Returning a leased vehicle? There could be some money coming your way

Finance & Insurance

Are you currently leasing a vehicle? The dramatic increase in used car prices over the last year may have created a financial opportunity in the last 18 months of a lease. Your leased vehicle could be worth significantly more in today’s seller’s market than the residual value set by the automaker 3-4 years ago. Lease customers could realize a financial benefit from the increased equity in a leased vehicle rather than just handing over the keys.

APA members in Greater Montreal and Toronto currently have an opportunity to make money in their pocket from the additional equity in a leased vehicle that they don’t plan to buy out, by turning it over to a recommended dealer a little early or when the term is up. This is a consequence of current vehicle shortages. Izzy Hutman at Wheels for Lease, an APA recommended used car dealer in Montreal, reports that typically he is able to offer a premium between $2,000 and $5,000 over the lease end value. The premium varies depending on condition and the class of vehicle – SUVs, particularly from the hot brands like Toyota and Honda are worth more, as are full-size domestic pickups a significant proportion of which are exported to the US, where the market is ravenous.

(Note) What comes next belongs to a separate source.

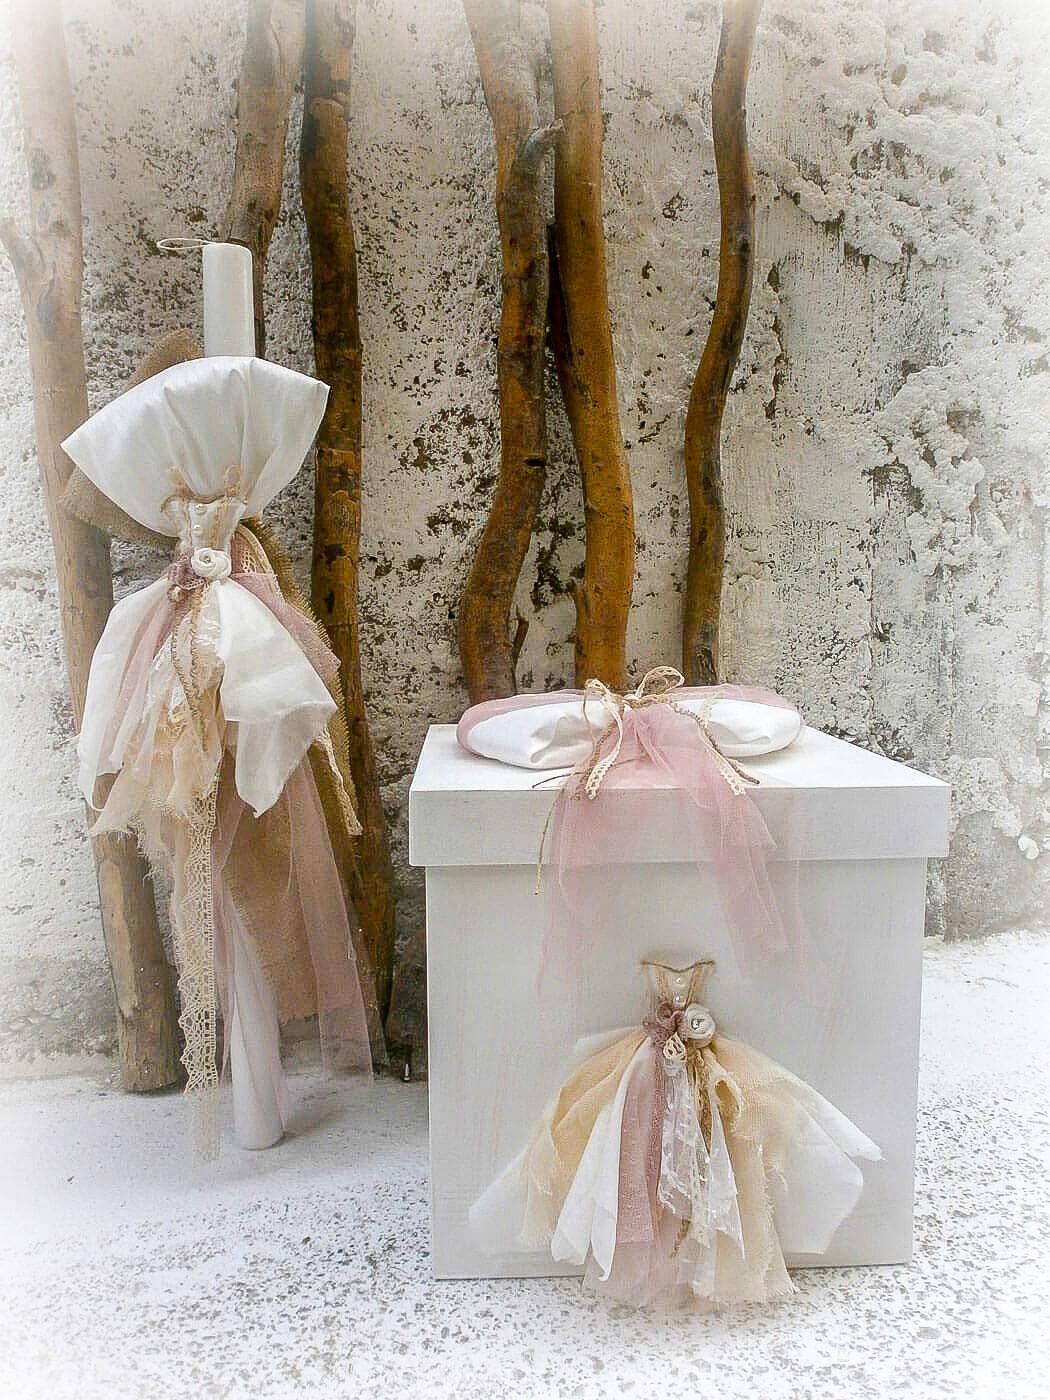 Χειροποίητο σετ βάπτισης Vintage dress που αποτελείται από βαπτιστικό κουτί και λαμπάδα που είναι διακοσμημένα με δαντελωτό φόρεμα εποχής σε ροζ κουφετί και σομόν.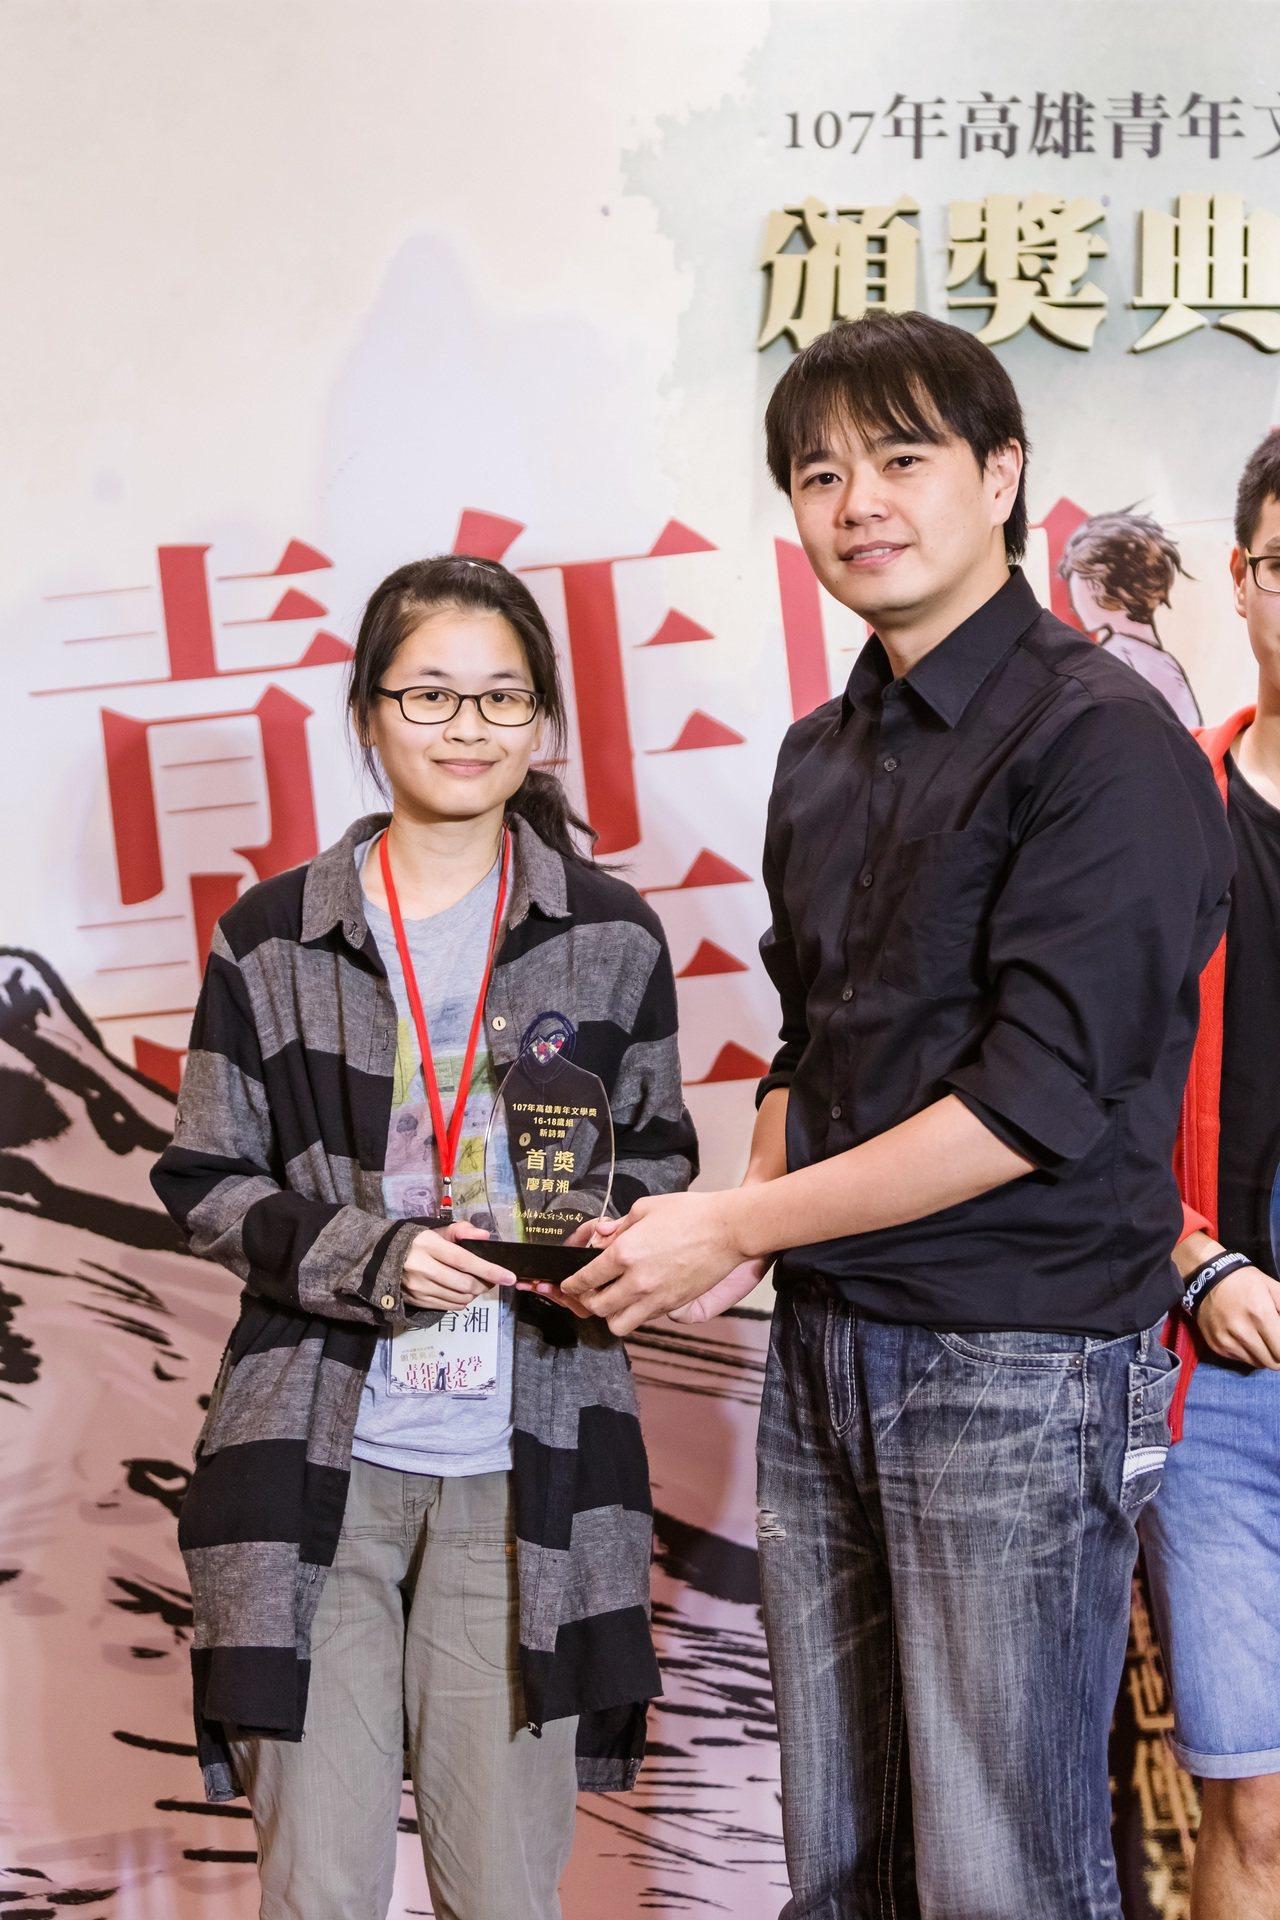 高雄青年文學獎得主廖育湘(左)和新詩類評審林達陽(右)。圖/高市圖提供

COVID-19 distancing measures have seen more people working from home. Consequently, many leased vehicles accumulated well below their mileage allowances because they were not driven daily to commute since the onset of the pandemic; low mileage also contributes to increased equity in the vehicle.


Some dealers are offering existing customers a signing bonus if you break your lease (or pay out your financing) early. Before accepting the first offer as a “captive” customer of the dealership it’s probably worth doing a little research on the value of your vehicle in today’s seller’s market. If your leased vehicle has accumulated significant cosmetic damage, like scuffed wheel rims, a cracked bumper or damaged bumper sensors, or is significantly overmileage, you are likely facing an excess wear and tear penalty of $500-$3,000 at lease turn-in. In the current market, a dealer is more likely absorb that expense. Dealers really want your used vehicle and are unlikely to send it back to the manufacturer for a damage appraisal — in many cases they will absorb the additional reconditioning cost.

Steps you can take

  • Find out what the current payout is on your lease (or your loan if you are considering trading before it’s paid) by contacting the lessor or lender. Look online to determine what is being asked for vehicles similar to yours. As a rule of thumb, deduct about $2,500-$4,000 from the advertised price to arrive at a trade-in value. This allowance takes into account $300-$500 of wiggle room on most advertised prices and the dealer’s reconditioning costs and profit.
  • A collision recorded in a vehicle history report like Carfax will reduce the value if damage was significant — more if it was poorly repaired.
  • Contact the APA for a referral to determine if there is an opportunity to offer your vehicle to an APA recommended dealer one to three months before the end of your lease. We can refer you to a dealer for a preliminary online or onsite appraisal before the lease is over.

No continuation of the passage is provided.